I’ve added some links to some of the best Viking living history/re-enactment groups in the world. The Long Boat Company sails historically accurate Viking longboats. Check out their stunning pictures. You can find the links to the left.

Friday, August 21, 2009

The Fall of Paganism

The fall of Rome was not the end of the Western Roman Empire that struggled on for another sixty years. The fall of Rome was in fact the fall of Paganism in Western Europe. The Gothic sack of Rome sparked what might very well be the first conspiracy theory in history. It goes like this, the officials of Rome where Christians, the Goths where Christians, the Roman Christians let the Goths in. Why would the Pagans say this? Two reasons; first the Goths never stormed the walls of Rome they entered through an unguarded gate, whether they were let in or successfully infiltrated Gothic agents is not entirely clear. What is clear it that the battle between the Goths and Rome’s defenders was remarkably short, the Goths gained control of the city in about an hour and relatively bloodless. Secondly the Goths spared the churches. They did not spare the temples. They effectively wiped out the Pagan infrastructure of Rome. A feat the Christian officials had been laboring at for the past ten years.
The ruins of the temple of Vesta in Rome

The Pagan senate cried foul. They shouted their accusations from the senate floor, the smoking ruin of the forum and in letters to their friends. They claimed Christian pacifism weakened the Empire; Christians were legally exempt from military service because they were pacifists. They also claimed that the haughty Christian officials angers the Gods and that the sack was divine retribution. But the most damaging accusation was that the Christians revoked the divine protection of Rome when they removed the alter of Victory from the senate. During the Emperor’s last visit to Rome the senate begged him to restore the alter to its rightful place. A Christian poet belittled the senate with a popular poem, which criticized them for believing in the protective powers of the alter. He went on to claim that Rome would remain invulnerable so long as St Peter’s bones resided in the ballista. Needless to say when the Goths arrived, St Peter did not rise from his tomb and throw them back as was foretold.
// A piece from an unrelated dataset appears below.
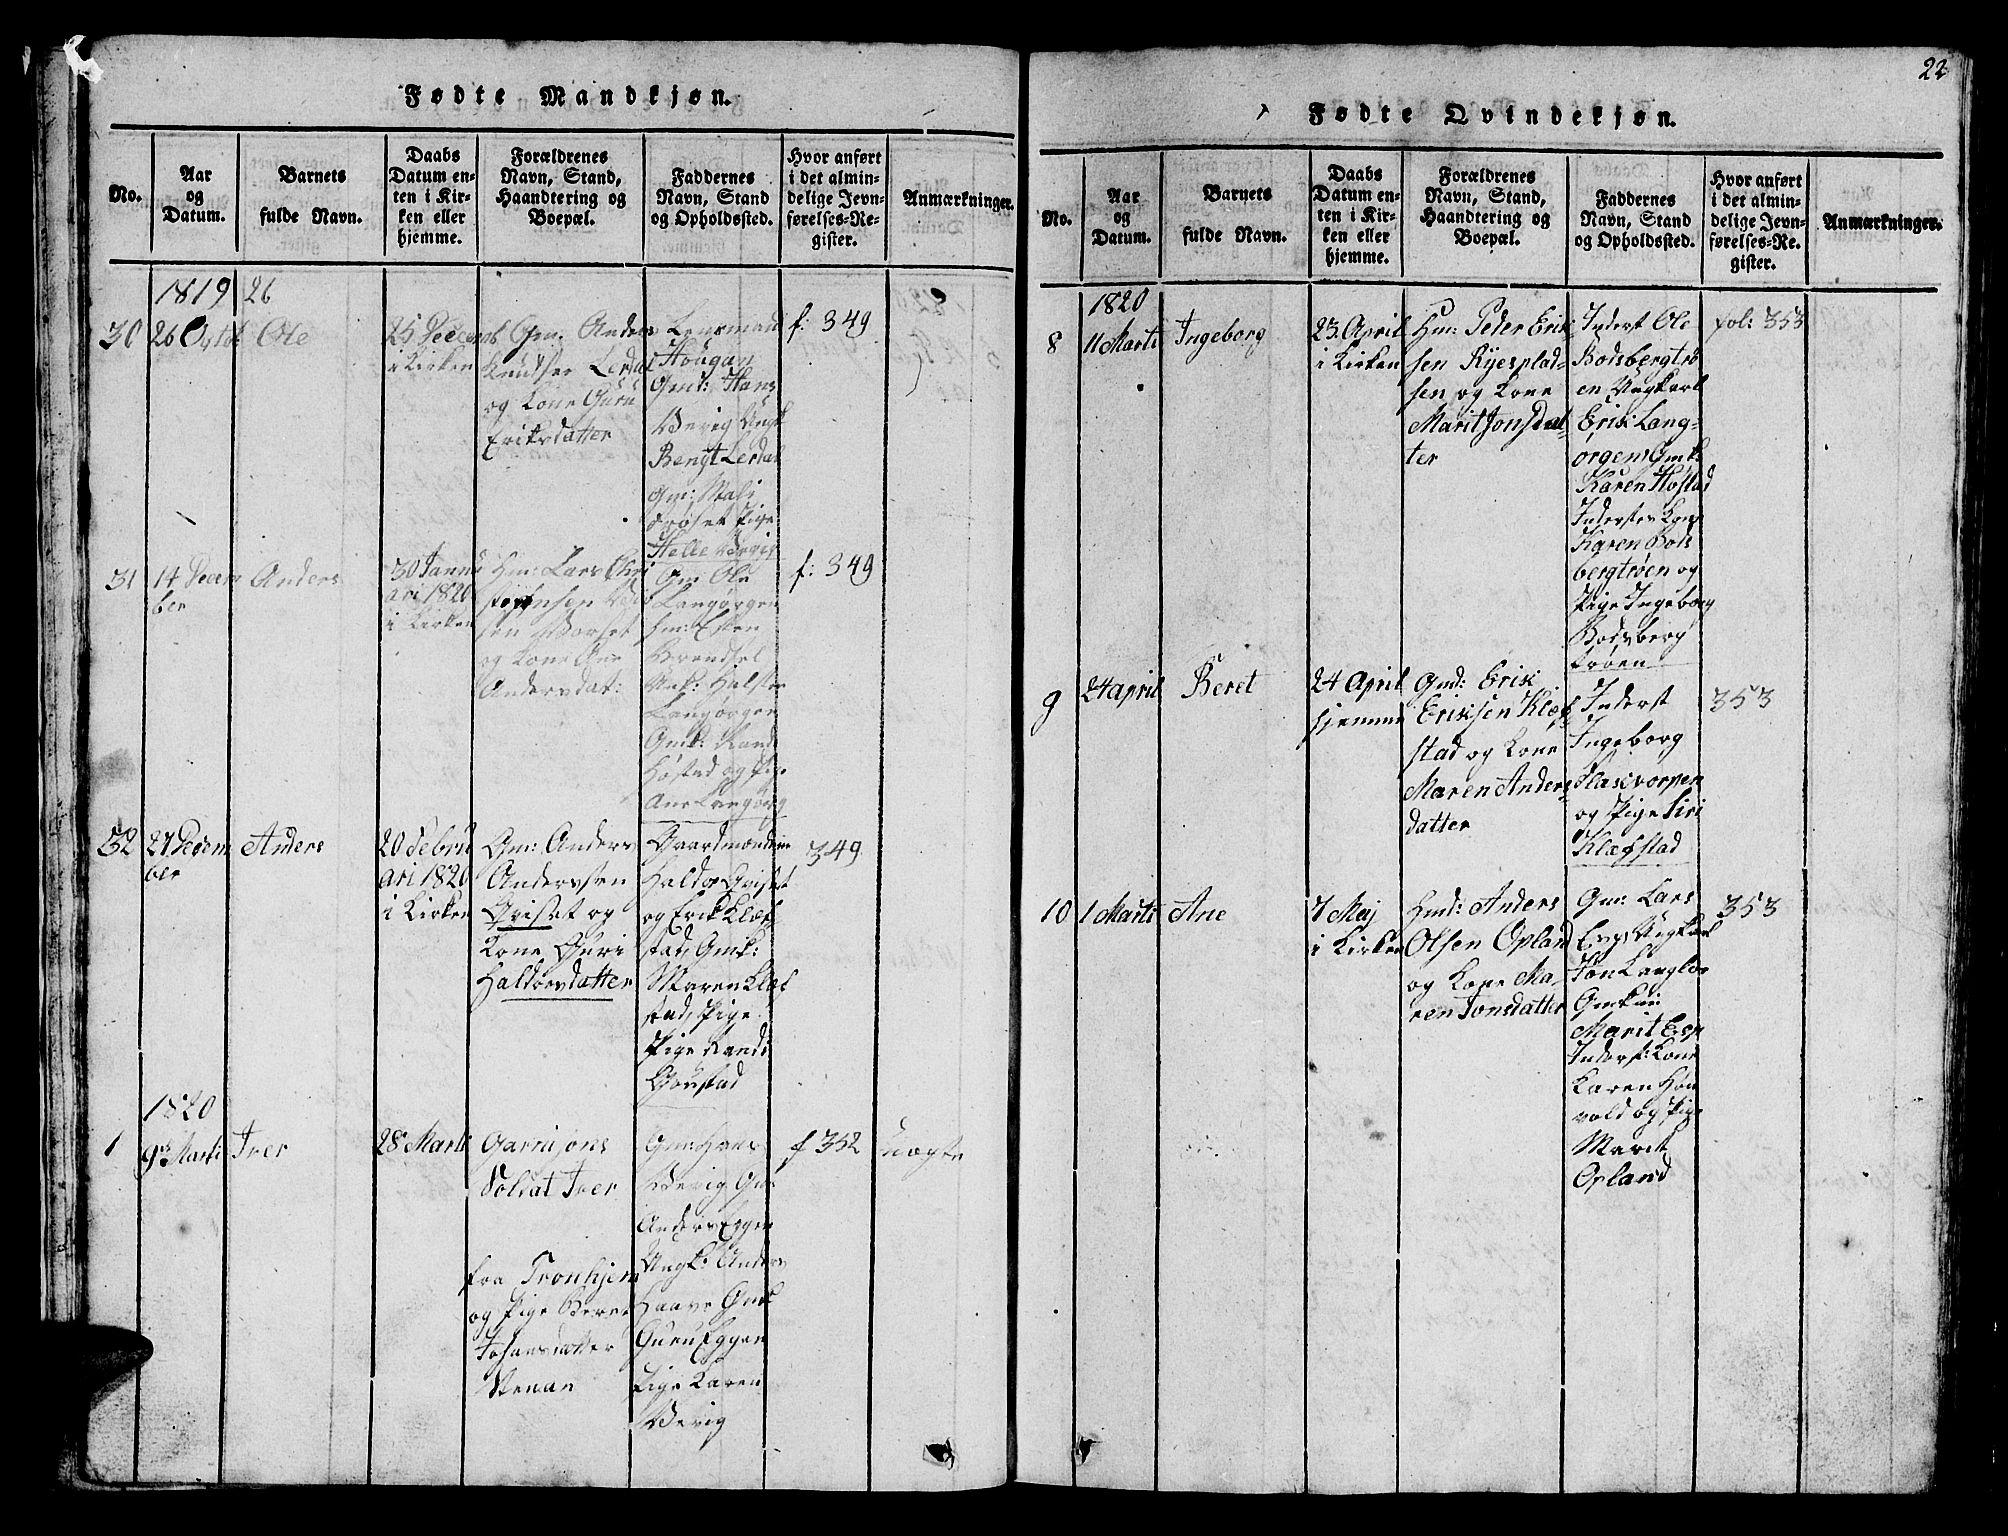 SAT, Ministerialprotokoller, klokkerbøker og fødselsregistre - Sør-Trøndelag, 612/L0385: Klokkerbok nr. 612C01, 1816-1845, s. 22

How did the Christians counter these devastating attacks? They did it with The City of God. That’s right De Civitate Dei the book that gives us the concept of a city of God and a city of Man was really just a very long winded debunking of the Pagan conspiracy theory. In it St. Augustine argues that the heavenly city is truly eternal whereas the earthly city of men is perishable. In Book III, he claims that Rome suffered as many calamities before the advent of Christianity as after. He details each event beginning with the first fratricide of Romulus through the republican civil wars. In summary his argument is that rather than being preserved from such woes, Rome has been overwhelmed by them. And yet the pagan gods, no matter their number, did not preserve the city. Why then, asks St. Augustine, should the Christian God be blamed for not having done so?

Now the sack of one city however great, was not responsible for the end of Paganism. But the Goths didn’t just confine their temple ransacking to Rome, they did this throughout the Italian peninsula and on into southern France. Add the loss of the Pagan infrastructure to dispersal of several hundred thousand Roman Christian refugees all over Western Europe. This enables Christianity, which had previously been confined to the major cities, to spread out into the French and Italian countryside.